1.Он сам им позвонил. Так что ж тут удивительного? Телефонная книга Парижа — да, толстая, — но совсем не секретная. Буленбейцеров, между прочим, там оказалось четыре. Много! Но двое из них — раздвоившийся Федор: не выкинули из книги прежний адрес и телефон, а может, и Федор не стал извещать о перемене квартиры. Он не находился на нелегальном положении, но отнорочек оставить вполне благоразумно. Буквально значилось: 1) Ф. Буленбейцер 2) Федор фон Буленбейцер. Хорошо, а два прочих? Родственники. Крайне дальняя линия. Из любимых будто бы отцом Булена эстляндских Буленбейцеров. Собственно, это был один эстляндский Буленбейцер — Николай, теперь Николя (надо же: не Клаус). Другой — его покойный папаша — Вонифатий (по крайней мере, в русских документах) Буленбейцер. Его Булен видел, кажется, один раз — и не в Париже. Ольга отметила, что эстляндские Буленбейцеры — классические шведонемцы: им бы прирабатывать на своих же хуторах колодцами-журавлями (всегда смотрела, не со скрипом ли гнутся колени?), головы вытянутые (оттого, что предки напихивали шлем — вот и сдавило с боков), растительность головы тоже не признаешь буйной (преет под шлемом опять-таки), еще льдинки глаз, у Николя — с наволокой. Тут уж Ольга знала причину: она ему нравилась. Почему-то Булен считал, что раз в полгода надо участвовать в нетленно-торжественных радениях землячества дворян остзейского края (а входил ли Булен в их список? Или он — смеялась Ольга — опять соединял сантименты с профессией — мало ли кто за ревельским грогом что ему скажет в жилетку?)

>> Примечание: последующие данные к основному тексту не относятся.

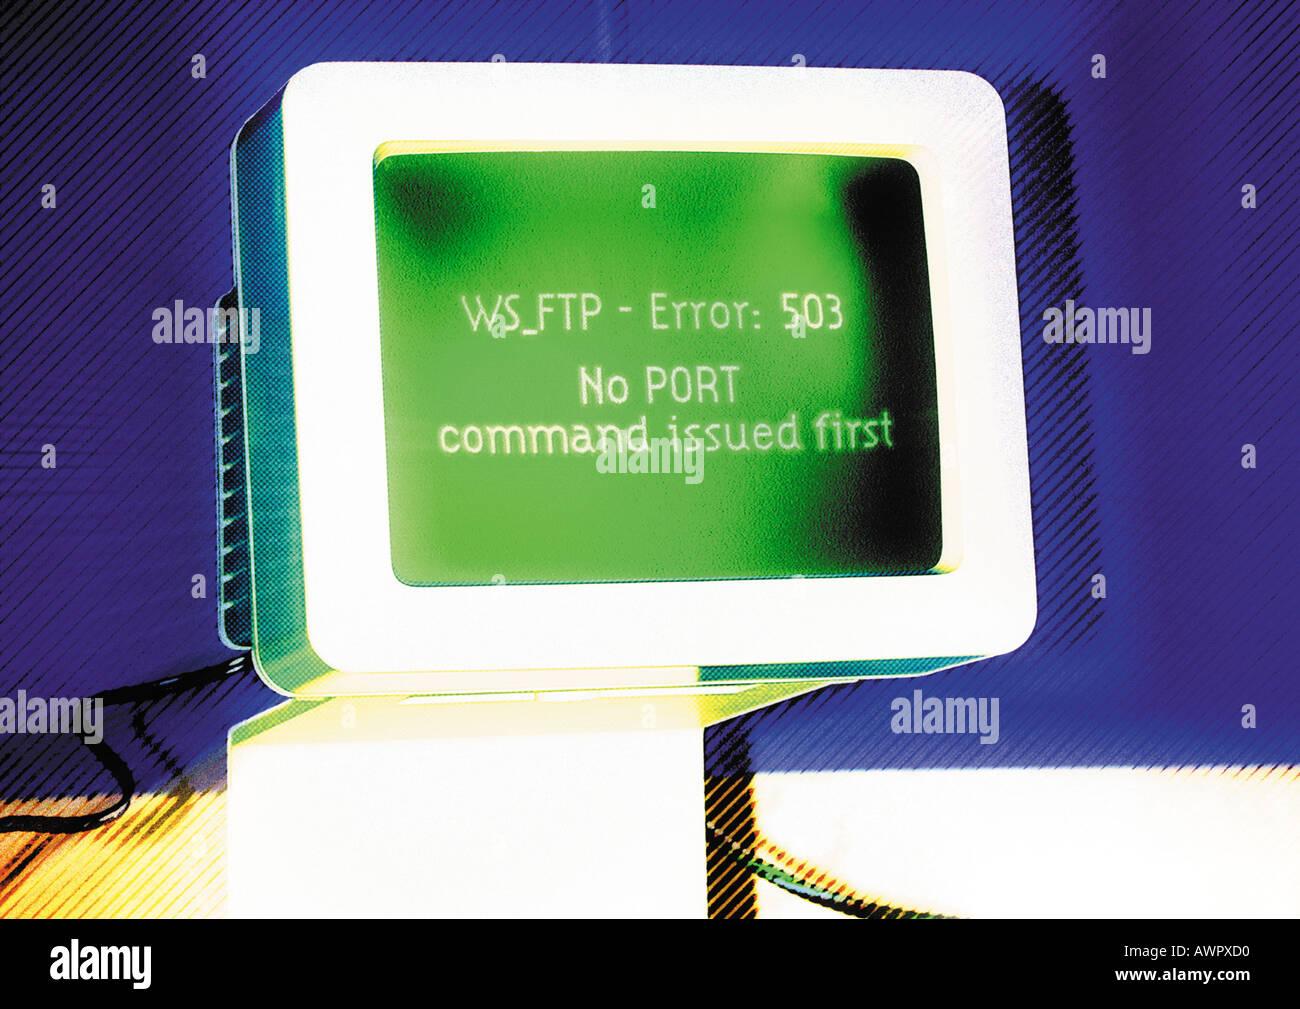 Computer, Fehlermeldung auf dem Bildschirm, digital Composite. Stockbild

И хотя задумывались такие радения на средневековый лад (вспомните рижское Братство черноголовых, существующее с 1498 года) и, соответственно, женщины были бы неуместны — но — новая эра! новая эра! — женщин привозили с собой, чтобы демонстрировать вроде новых запонок или пахучей бутоньерки. Кто скажет, что это не женская роль? Ольге роль даже нравилась. Булен в июльское утро ее именин протянул на пухлых ладонях шарики жемчужного ожерелья с вживленной в середину монистой из красного золота. Нет, он презирал парижские ювелиры. Мамино. И Ольга, конечно, смогла оценить. Она удивлялась, как хорошела ее (признаемся) подвядшая кожа под буленбейцеровыми жемчужинами. Нет, не буленбейцеровыми. Из рода Иваненков (фамилия матери). И, между прочим, девичья фамилия баронессы Врангель. Родство, впрочем, сочеталось туго, как и застежка на ожерелье. Но Булен все равно сиял от такого родства. «Отдай мне должное, — недовольно сопел он, когда Ольга ставила под сомнение данную генеалогию, — я совсем не болтаю об этом. И Петру Николаевичу ни разу об этом не напоминал». — «Ты же, собакин, никогда не встречался с Врангелем!» — «Почем знать, почем знать…»
Главное, повторяем, в другом. В ожерелье она хорошела. И, как заметила Ольга, это обстоятельство приятно волновало не только ее мужа (да, мужа). «Интересно, — думала Ольга, доброжелательно перебирая глазами костюм и детали лица у барона Николя, — интересно, он знает глагол „нагрузиться“?» И вопрос этот был не праздный: барон Николя непристойно вперялся в Ольгу именно благодаря выразительному глаголу. А чего, спрашивается, ради собирать землячества? Конечно, пели-пили-пели-пили….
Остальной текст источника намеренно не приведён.